#### Provided data:
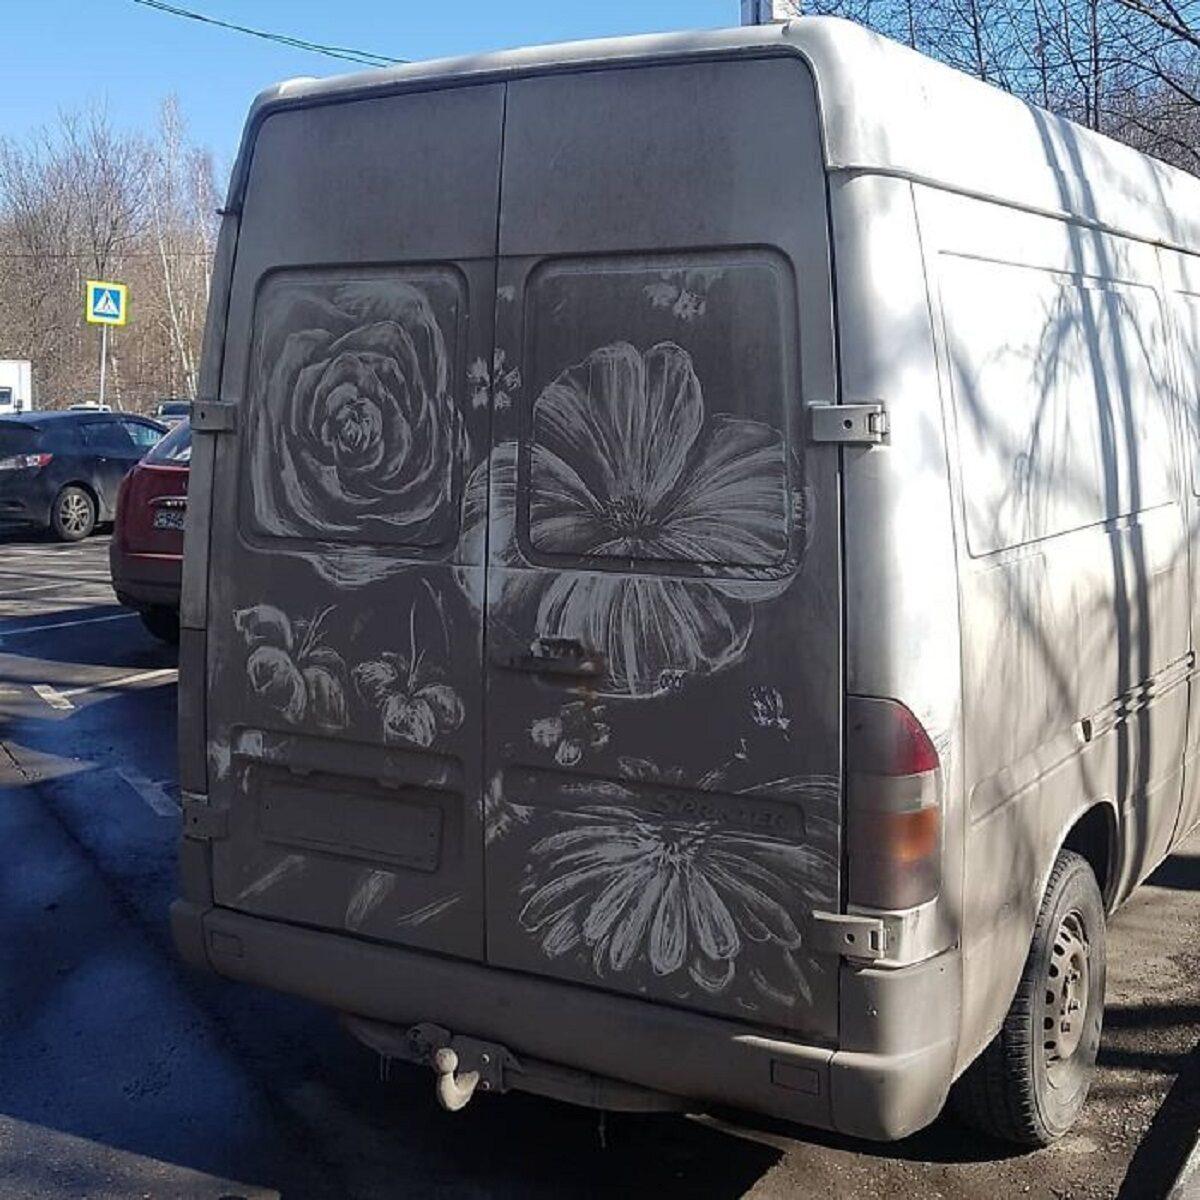 Nikita Golubev artista russa cria desenhos incriveis em caminhoes e tecnica chama atencao 12
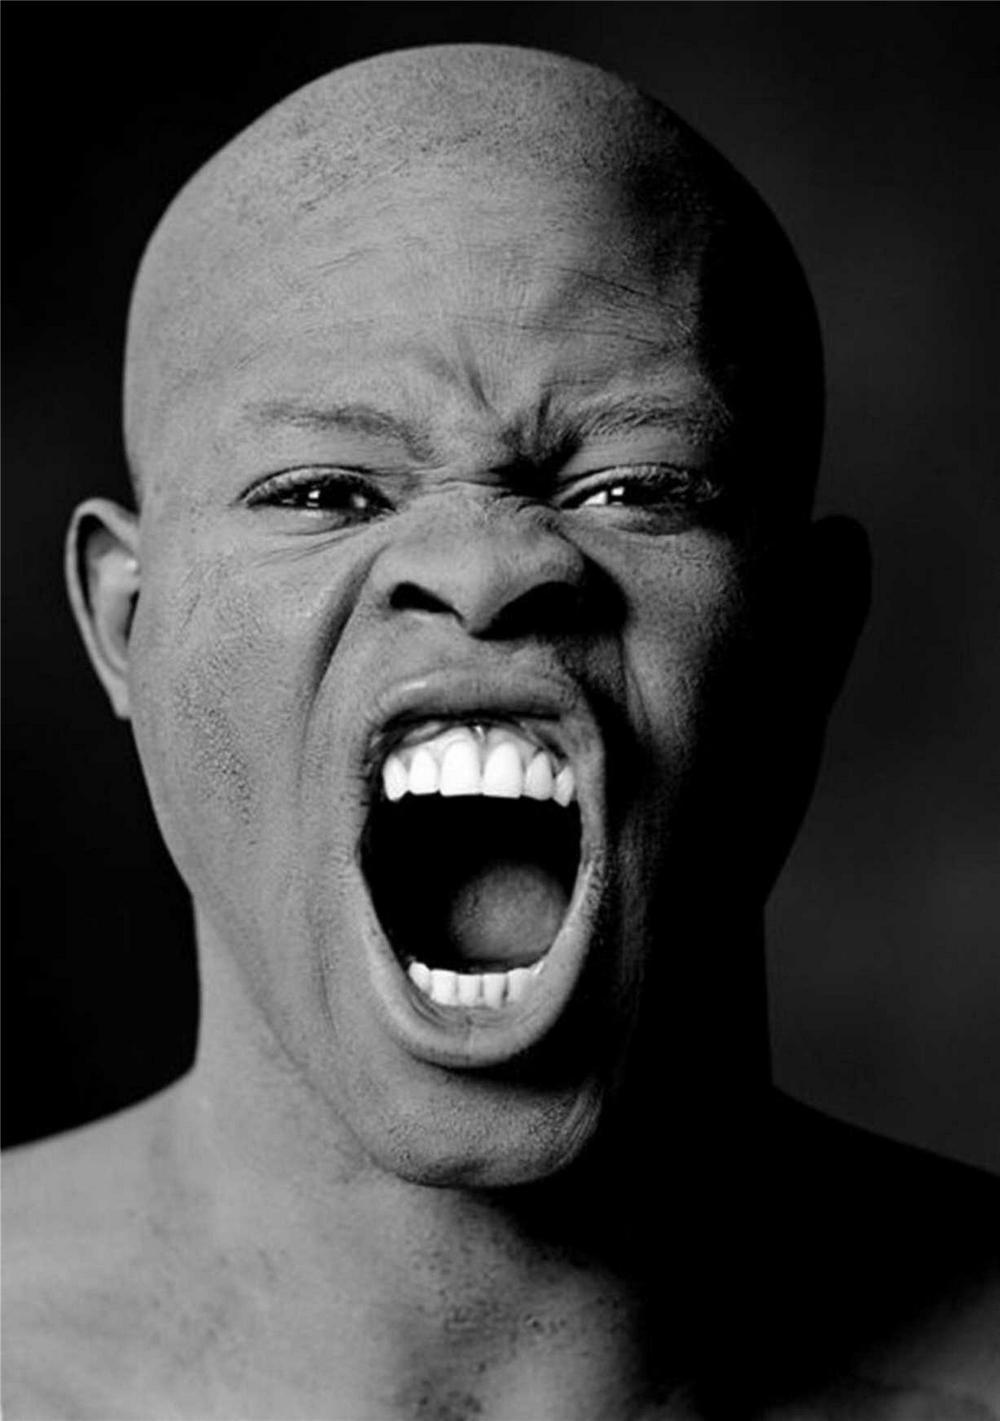 Грег Горман один из лучших в съёмке портретов знаменитостей и непревзойдённый мастер мужского ню 43
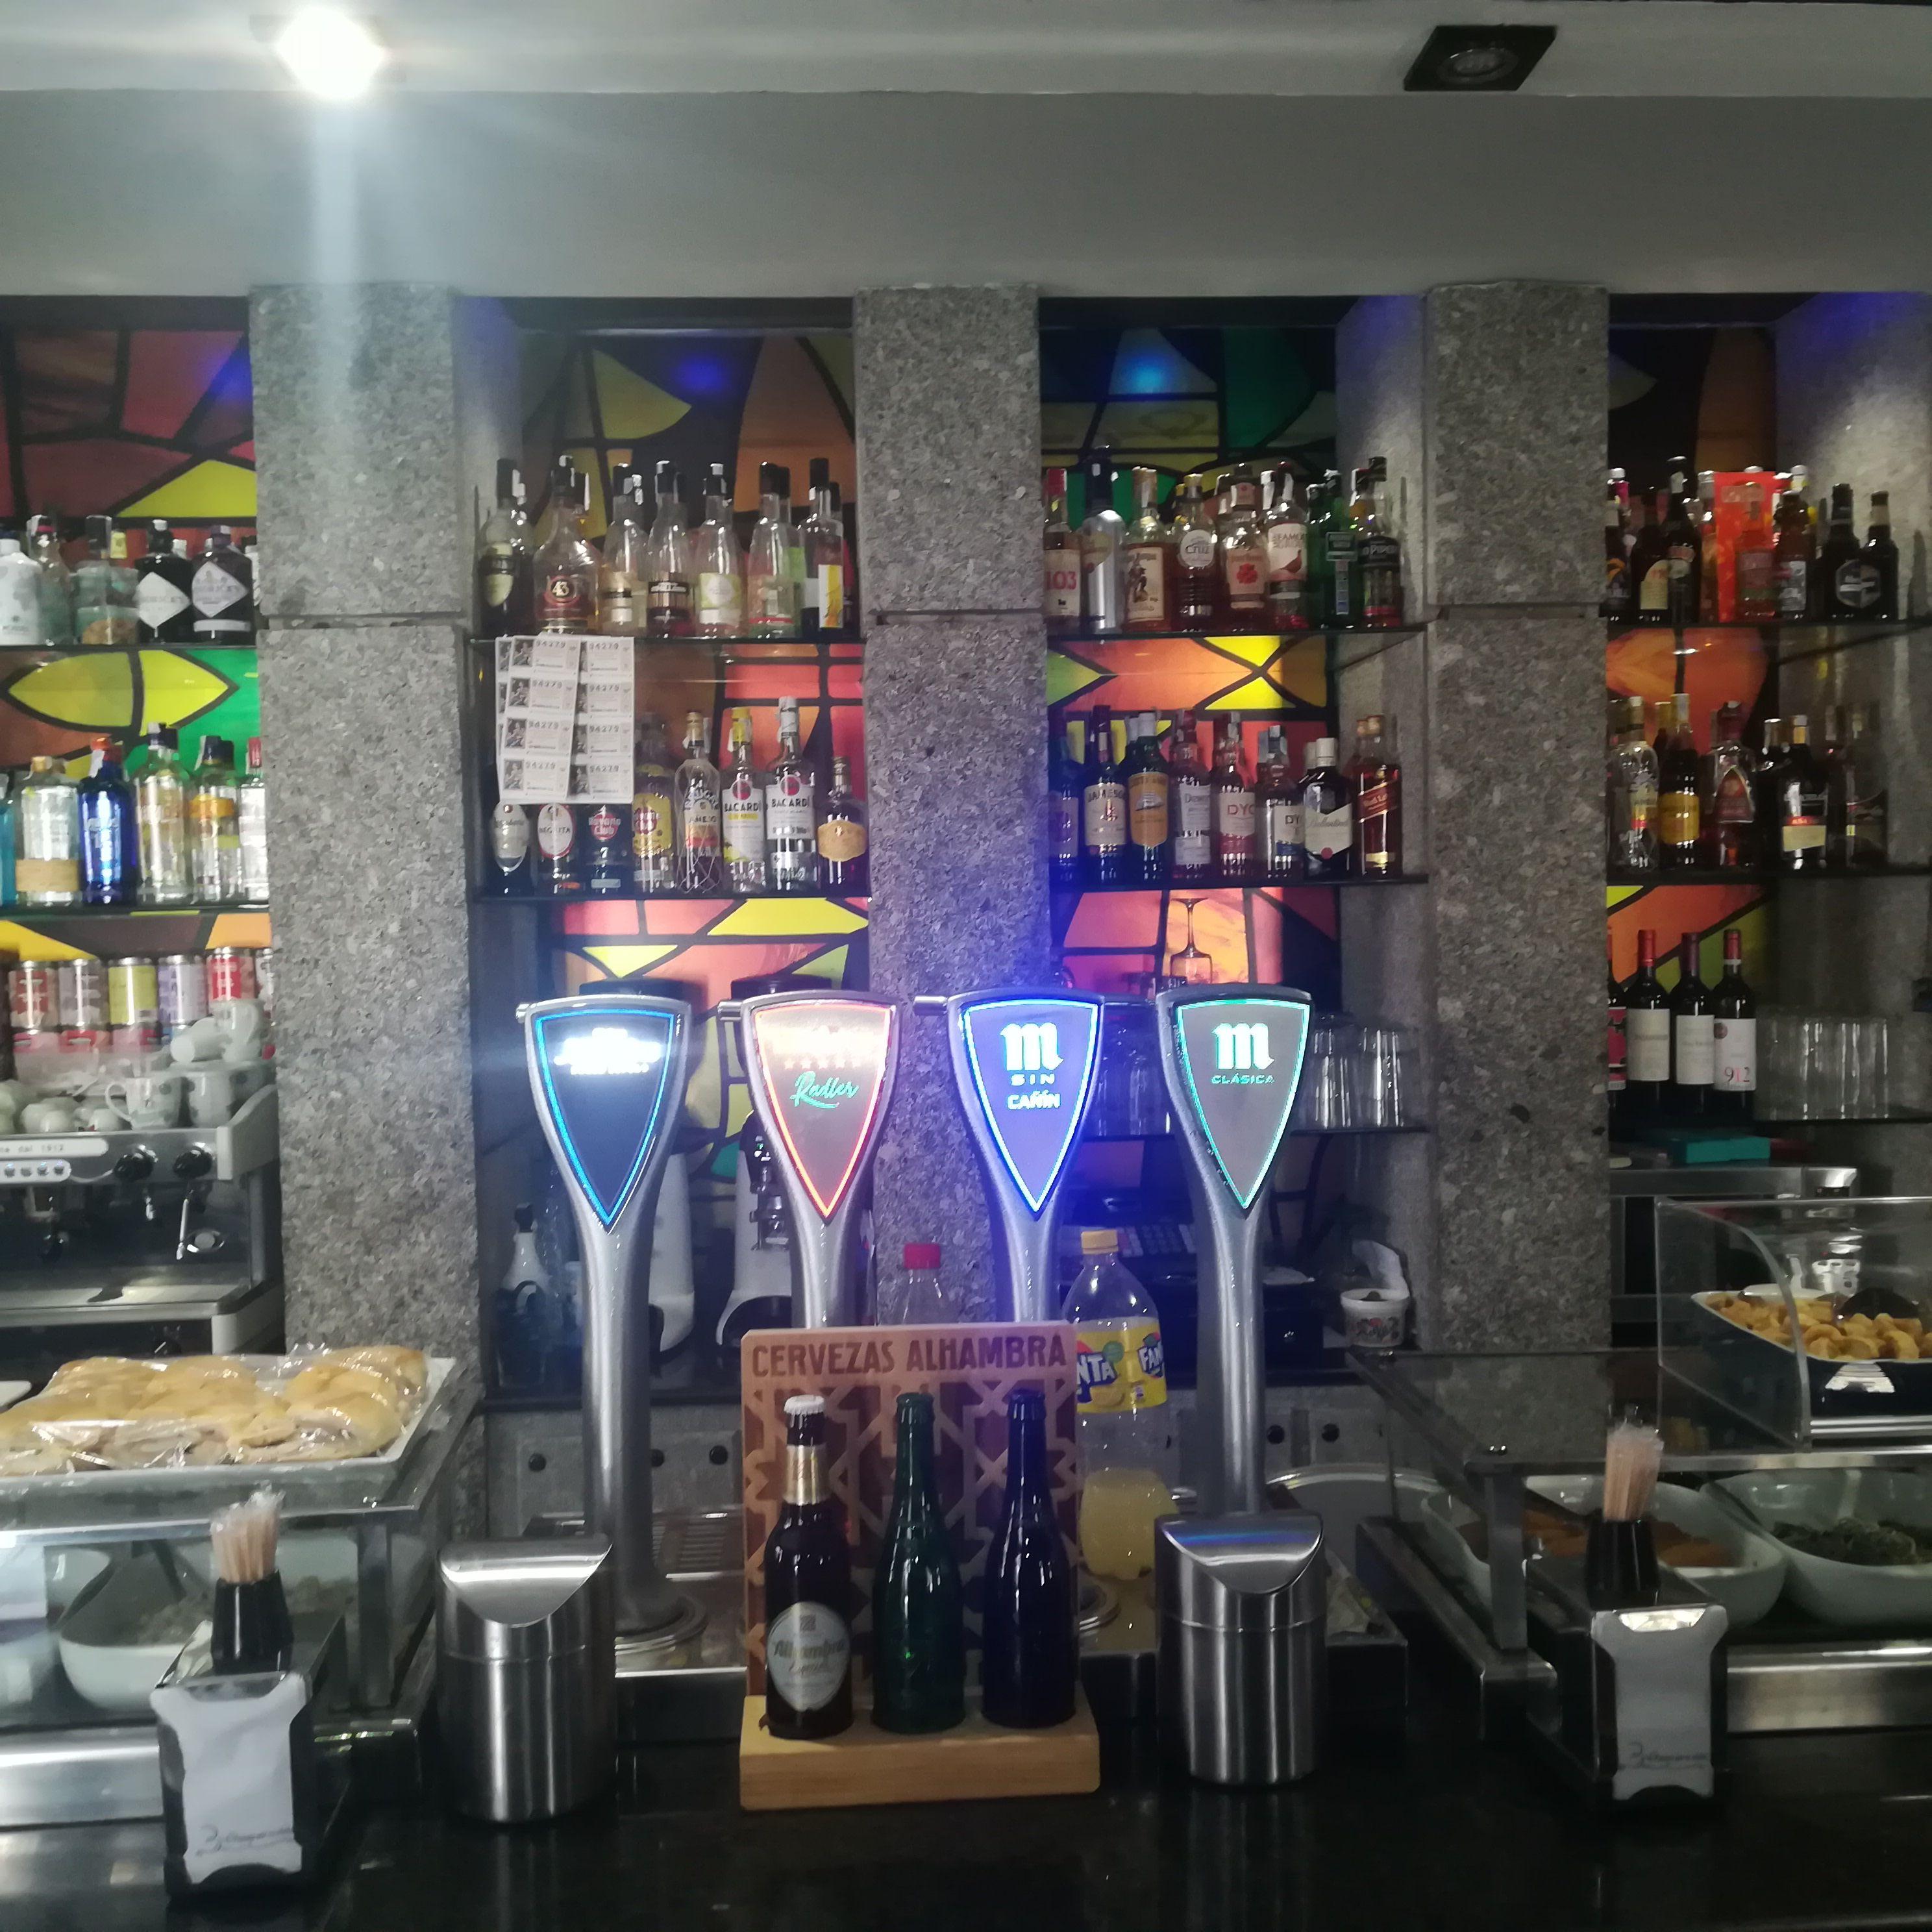 Bar de copas en Peñaranda de Bracamonte

#### Exercise brief:
The data is to be returned exactly as it stands, pictures aside.

#### Exercise output:
 Nikita Golubev artista russa cria desenhos incriveis em caminhoes e tecnica chama atencao 12
 Грег Горман один из лучших в съёмке портретов знаменитостей и непревзойдённый мастер мужского ню 43
 Bar de copas en Peñaranda de Bracamonte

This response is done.